Отныне «Гадибук» преследует нас, подобно неприкаянной душе, трагически воплотившейся перед нами в легенде-моралите С. Ан-ского. Затея Н. Цемаха и его товарищей ни с чем не сравнима. Эта труппа, приехавшая из Москвы, из столицы марксистского суеверия, говорит вдохновенным языком пророков Израиля. Не во вновь обретенной Палестине появился еврейский театр, а в двух шагах от Кремля, среди древних православных святынь, «под сенью креста». Непостижимый парадокс: лишь вонзившись в русскую землю, процвел посох Аарона.

Знаменитый Станиславский поддержал эту идею, которая была столь чужда местному духу, что могла показаться обреченной на провал. И все же «метеки»[cdxxvi], попавшие в столицу, до тех пор сильней всех противившиеся какому-либо проникновению семитского духа, создали произведение искусства и вызвали глубочайшее чувство. Каким чудом? В той буре театральных страстей, что кипела в революционной России, одни лишь актеры «Габимы» вели разговор о душе, отмененной декретом. Благодаря этой драгоценной контрабанде они и добились успеха.

Поначалу для основателей «Габимы» речь шла о своего рода еврейском возрождении. Возродить благородный язык предков, перенести на сцену привычную живописность гетто. Такова была их цель. Влияние Станиславского вело их к последовательному натурализму. Сама пьеса С. Ан-ского, которую мы только что видели, была прежде всего этнографической.

Сюжет был только предлогом. Диалог лишь обрамлял обряды и обычаи благочестивых хасидов; религиозный фольклор преобладал над драмой. Писателем руководила не вера, а умиленное любопытство, желание узнать древние обычаи его народа. К тому же, пьеса была сначала написана на идиш[cdxxvii]. Но автор ее приоткрыл дверь в Царство Господне. Он дал проникнуть свету. В открывшуюся щель влетел ангел. Древний мессианский пыл наполнил восторгом души молодых актеров.
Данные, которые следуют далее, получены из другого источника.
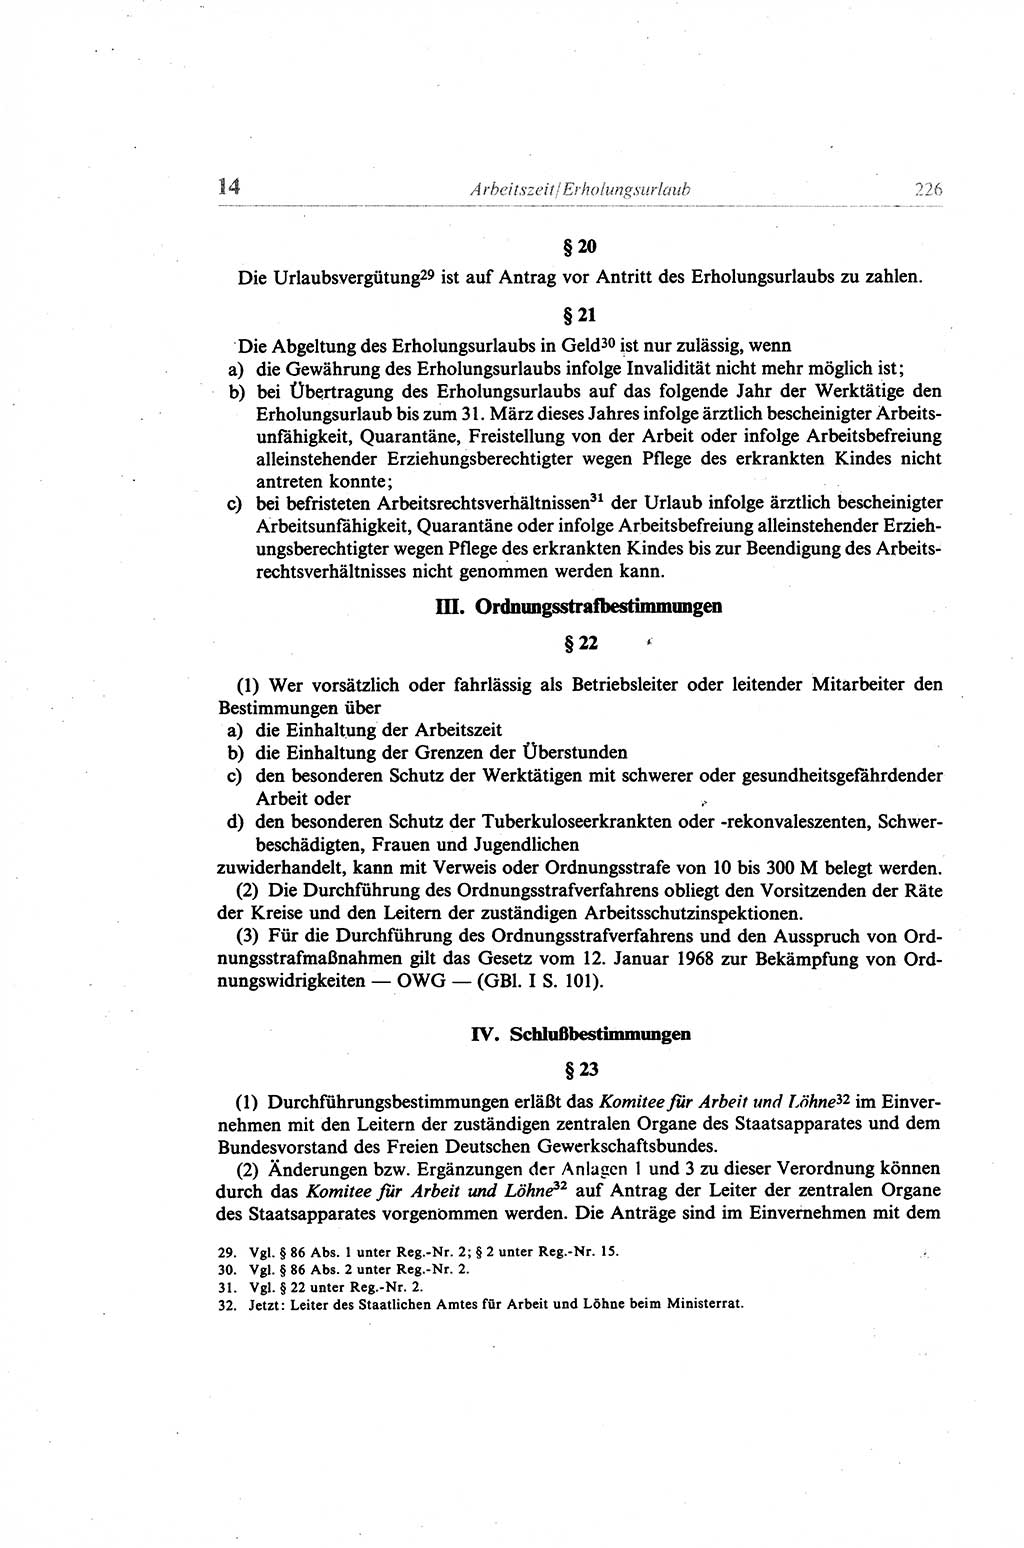 Gesetzbuch der Arbeit (GBA) und andere ausgewählte rechtliche Bestimmungen [Deutsche Demokratische Republik (DDR)] 1968, Seite 226 (GBA DDR 1968, S. 226)

Необыкновенный человек, которого коснулась такая благодать, даже не был евреем. Армянин, воспитанный в России, Вахтангов ни слова не знал по-еврейски. Его душа, печальная и неистовая, угадала то, что было скрыто от знавших. Он был палим тем внутренним огнем, что жжет художников, которым суждена безвременная смерть. Это он в этнографическом этюде прозрел мистерию. Другой до него преобразил силой мистической экзальтации повседневную жизнь нищего и грязного еврейства. Это был художник Шагал. Вахтангов соединил нежный бред этого небесного мечтателя с мрачным рвением фанатика-неофита.

Эта эстетика пароксизма, эта отчаянная утрировка, этот культ чрезмерного, которые делают спектакль «Гадибук» мучительнейшим из кошмаров, принадлежат ему. Истерическое возбуждение, состояние продолжительного транса, терзающее лихорадочно {349} возбужденных людей, их болезненное оживление, их тоскливое веселье, их движения сомнамбул, блуждающих во тьме, их пляски дервишей создают возвышенный образ души, раздираемой мистическим безумием и суеверным ужасом.

Но вот это неистовство становится театром, в этом разброде рождается ритм. Постановка «Гадибука» — это своеобразнейший сплав пророческого неистовства и строгого порядка, стихии и искусства, острого наблюдения и фантазии. Действие как бы балансирует на канате, натянутом по касательной между двумя разобщенными планами — реалистическим изображением среды и символическим выражением сверхъестественного конфликта.

Но обратимся к пьесе. Ханан, бедный ешиботник, любит Лею, дочь купца. Последний отдает ее за сына богача. Влюбленный умирает от горя. И во время свадебного пира его душа-мстительница вселяется в Лею. Цадик Мирополя, раввин-чудотворец, изгоняет духа из одержимой. Чтобы узнать причину несчастья, суд раввинов сводит на очной ставке отца Леи с тенью-обвинительницей. Он клялся отцу бедного Ханана, что отдаст Лею за его сына. Он заплатит за нарушение слова. Раввин снимает порчу с недужной. Но с безумием он забирает у нее и жизнь. Она воссоединится на небесах с тем, чья любовь оказалась сильнее смерти.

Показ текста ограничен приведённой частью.